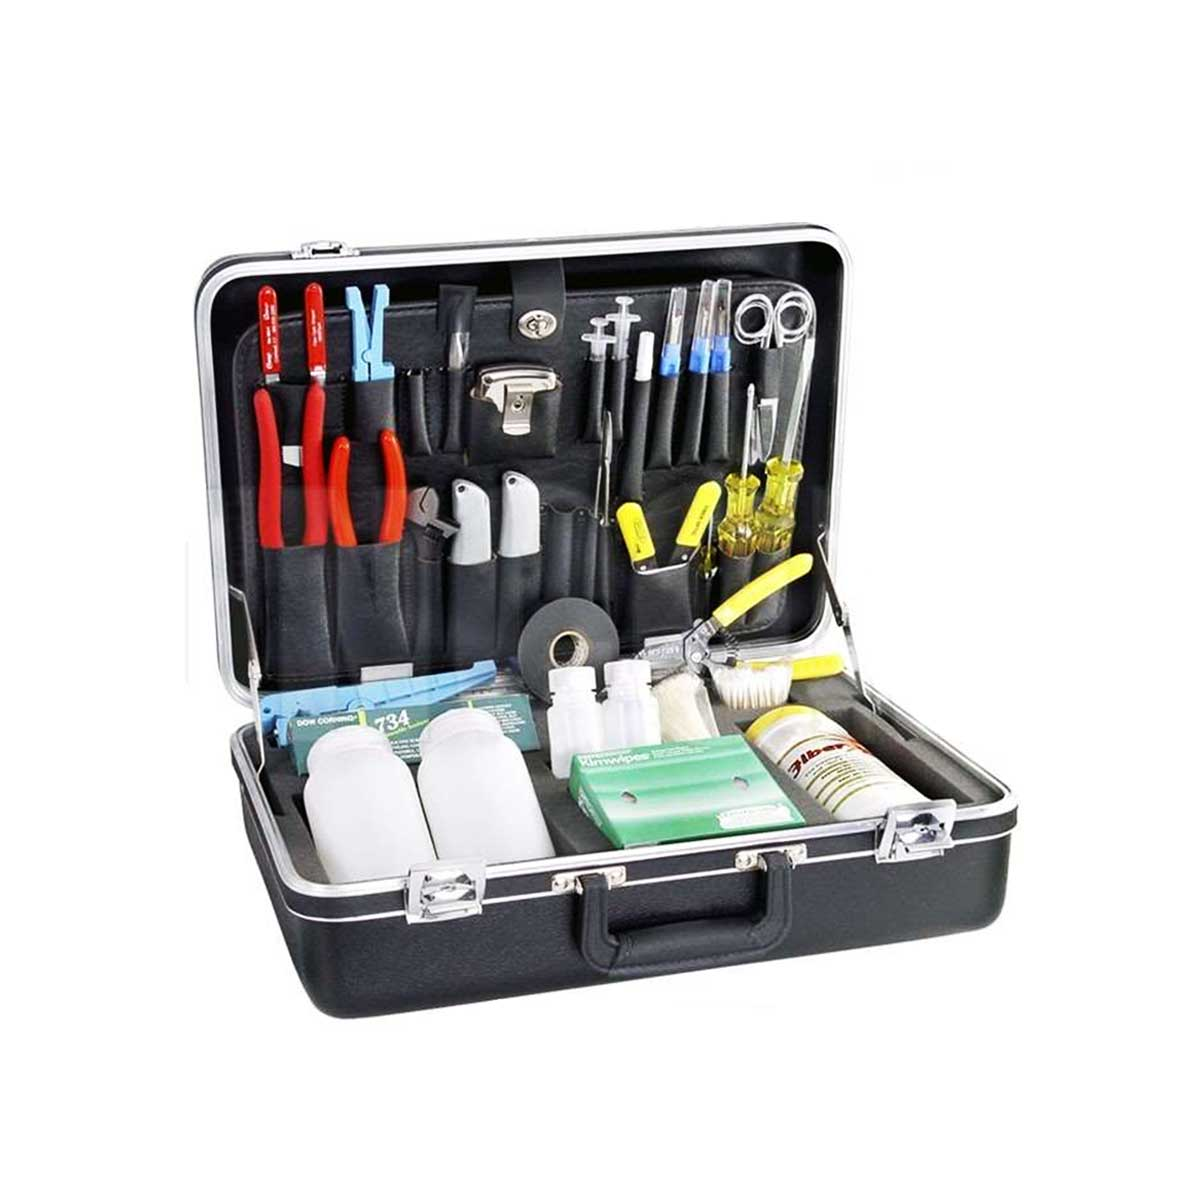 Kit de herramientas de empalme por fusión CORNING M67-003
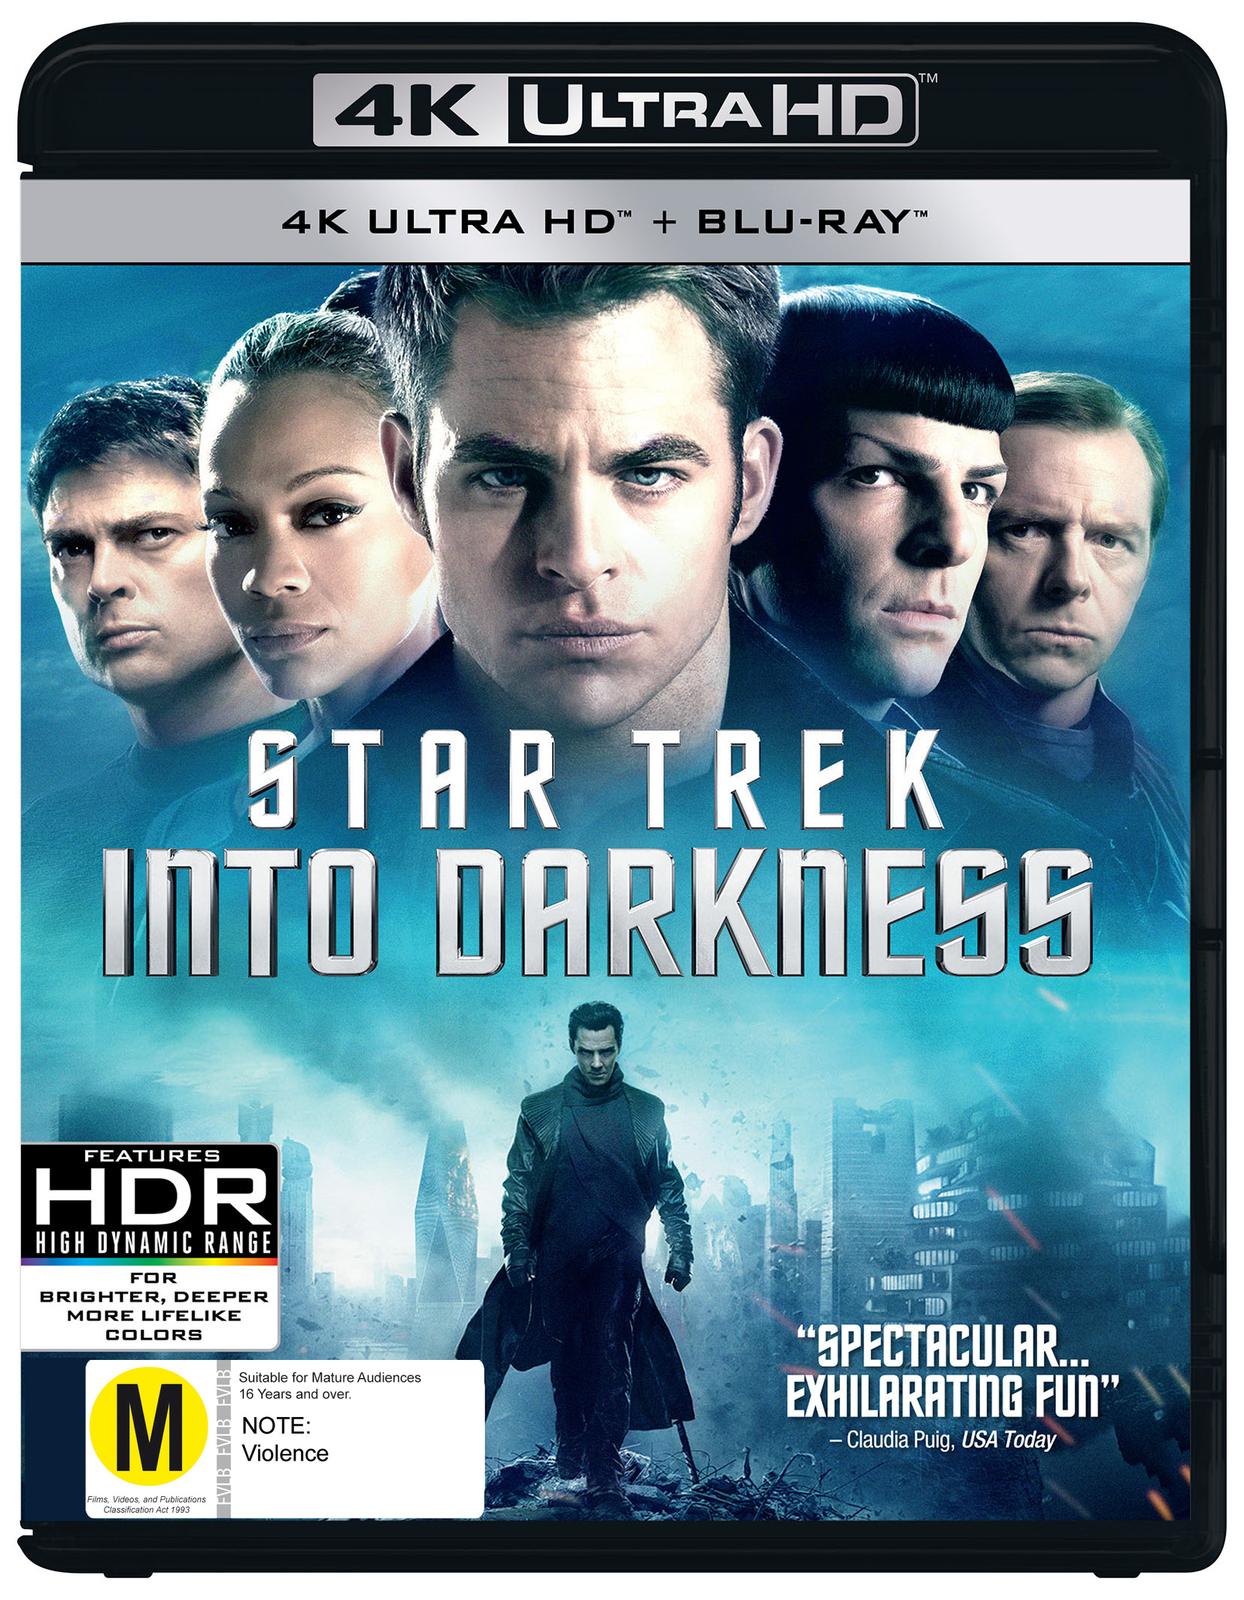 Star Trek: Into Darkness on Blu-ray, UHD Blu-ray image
::::
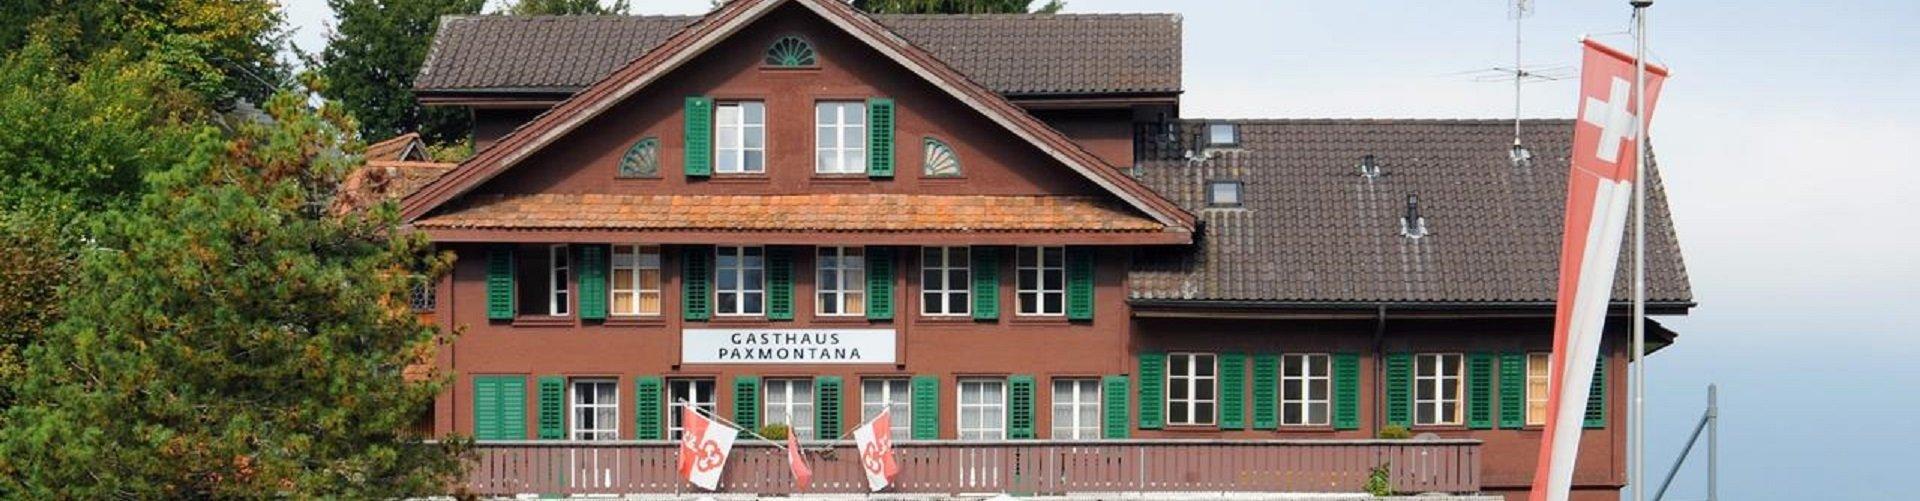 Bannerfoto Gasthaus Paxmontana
::::
• [Assignment] Word for word, restate the lines above from the one with "Kit de herramientas" through the one with "Star Trek: Into", keeping both ends and dropping the pictures.

• [Task solution]
 Kit de herramientas de empalme por fusión CORNING M67-003
 Star Trek: Into Darkness on Blu-ray, UHD Blu-ray image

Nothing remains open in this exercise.